The 1993 Montenegrin championship season was the unofficial futsal competition in Montenegro, during the time period of FR Yugoslavia. Championship was organised by clubs who supported the independence of Montenegro, but the results of league and final ranking were not recognised by Montenegrin Football Association.

Year before was held 1992 Montenegrin Championship in football but, because of conditions, Montenegrin independent championship became futsal league from season 1993.
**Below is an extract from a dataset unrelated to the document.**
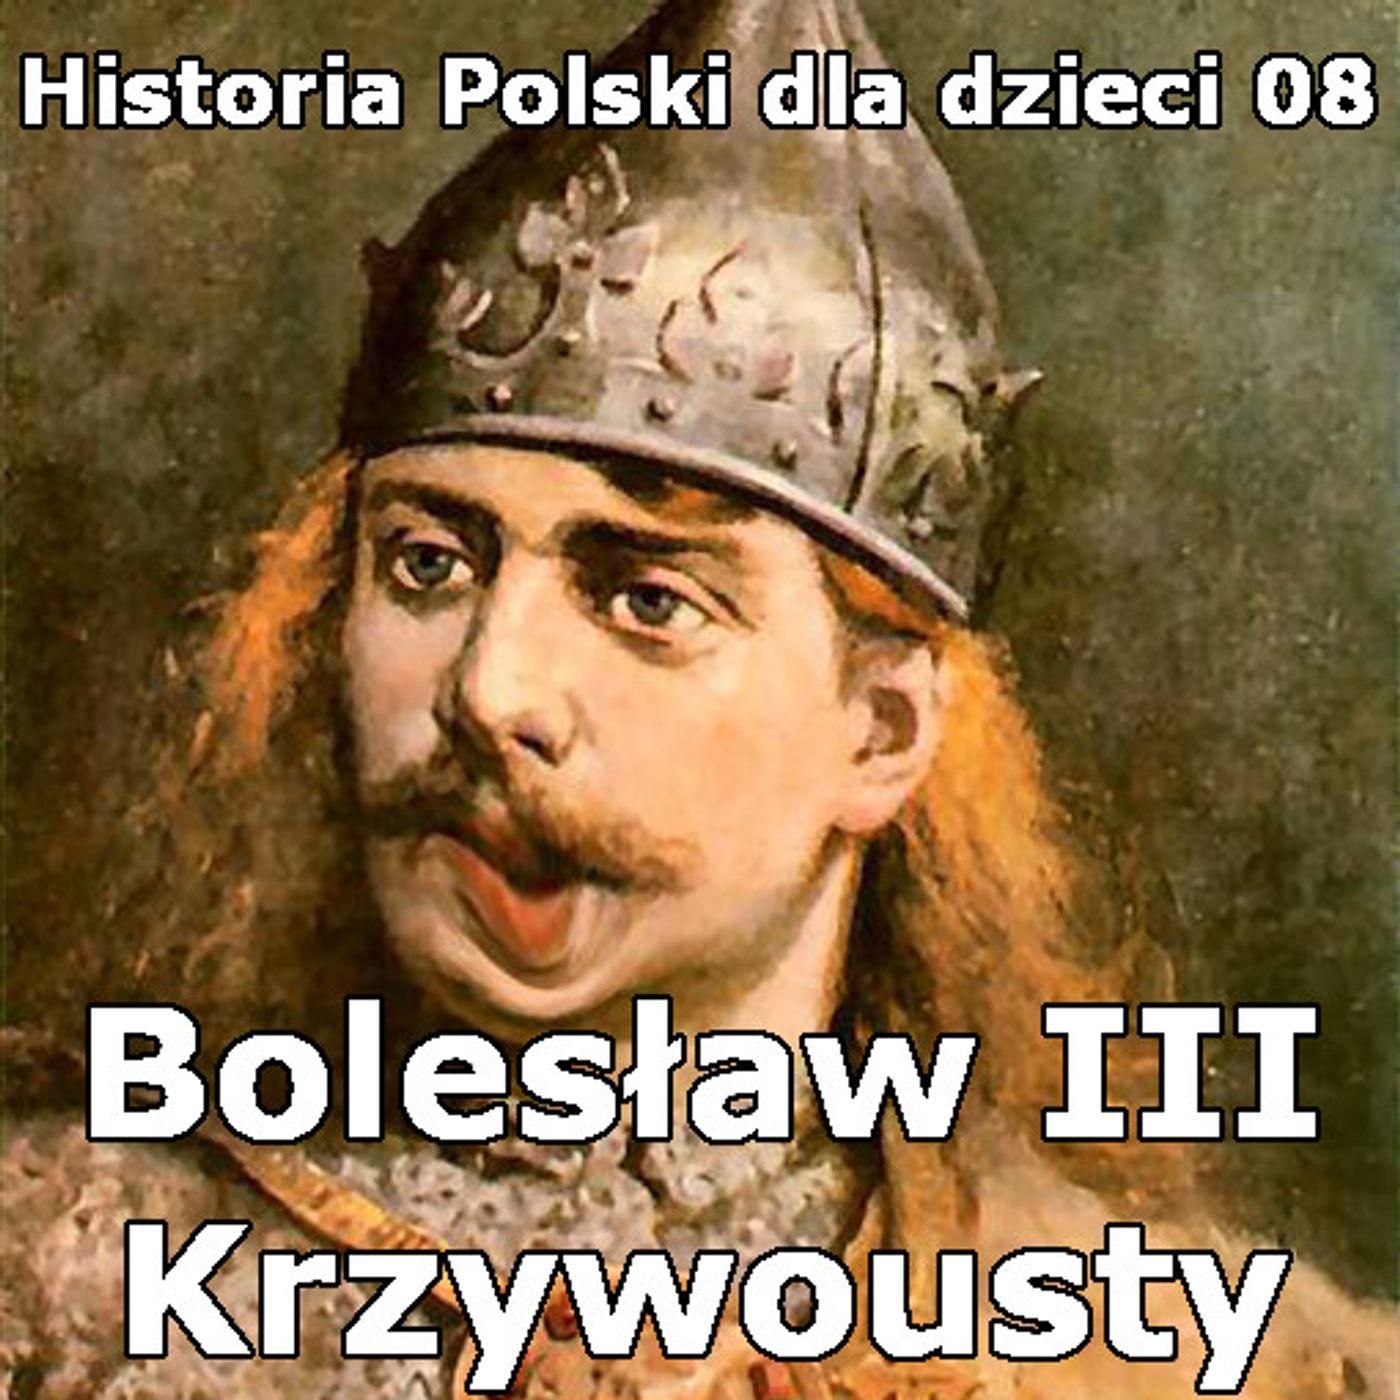 08 - Bolesław III Krzywousty i obrona Głogowa

Championship played in period February - November in 1993.

Members
Previous season: 1992 Montenegrin Championship

In the Montenegrin independent championship 1993 participated 7 self-organized futsal clubs from municipalities of Cetinje, Kotor, Nikšić and Podgorica. 

KMF Cetinje - Cetinje
KMF Crnogorac - Kotor
KMF Onogošt - Nikšić
KMF Gorica - Podgorica
KMF Boka - Kotor
KMF Crnogorac - Cetinje
KMF Nikšić - Nikšić

Venues

The competition was held at several school sport halls in Cetinje, Kotor and Podgorica. Few matches played on open air fields. Clubs from Nikšić played home games in Podgorica and Cetinje.

Conditions

Due to the tense political situation in Montenegro, the championship was played without media attention. A lot of games have been played in secret.